- **Work to be completed**
Where an entry contains an image, leave the image out; restate everything else exactly.

[Entries shown Boundary: Start]

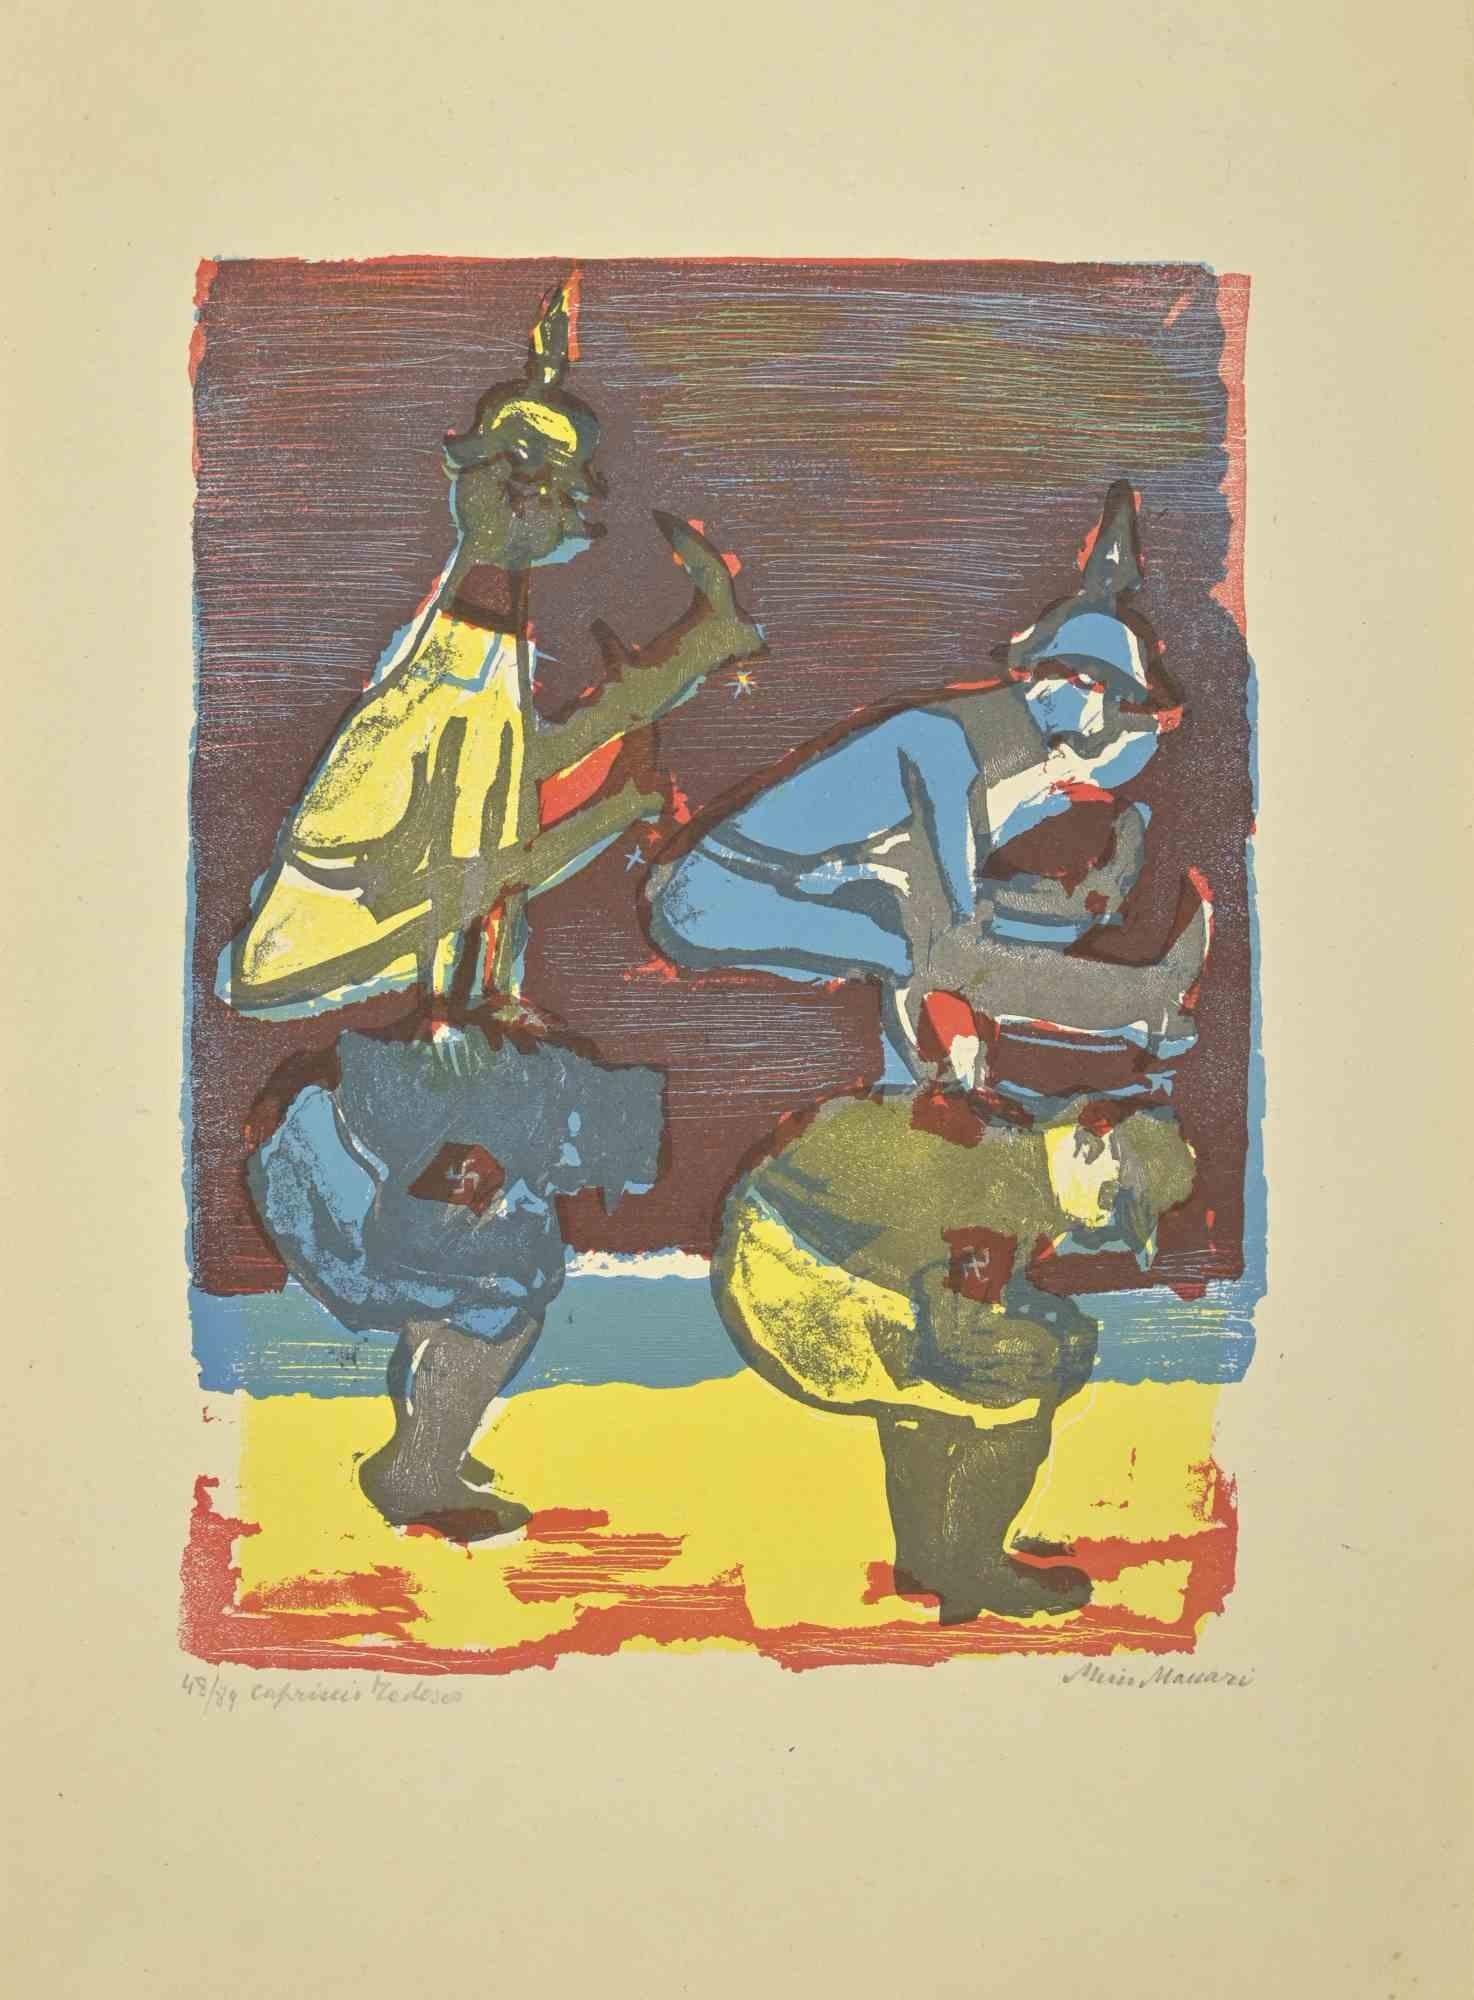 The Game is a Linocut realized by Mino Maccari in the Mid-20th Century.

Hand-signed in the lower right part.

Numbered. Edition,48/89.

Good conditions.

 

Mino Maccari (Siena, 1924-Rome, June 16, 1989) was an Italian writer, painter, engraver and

[Entries shown Boundary: End]

- **Output**
 The Game is a Linocut realized by Mino Maccari in the Mid-20th Century.

Hand-signed in the lower right part.

Numbered. Edition,48/89.

Good conditions.

 

Mino Maccari (Siena, 1924-Rome, June 16, 1989) was an Italian writer, painter, engraver and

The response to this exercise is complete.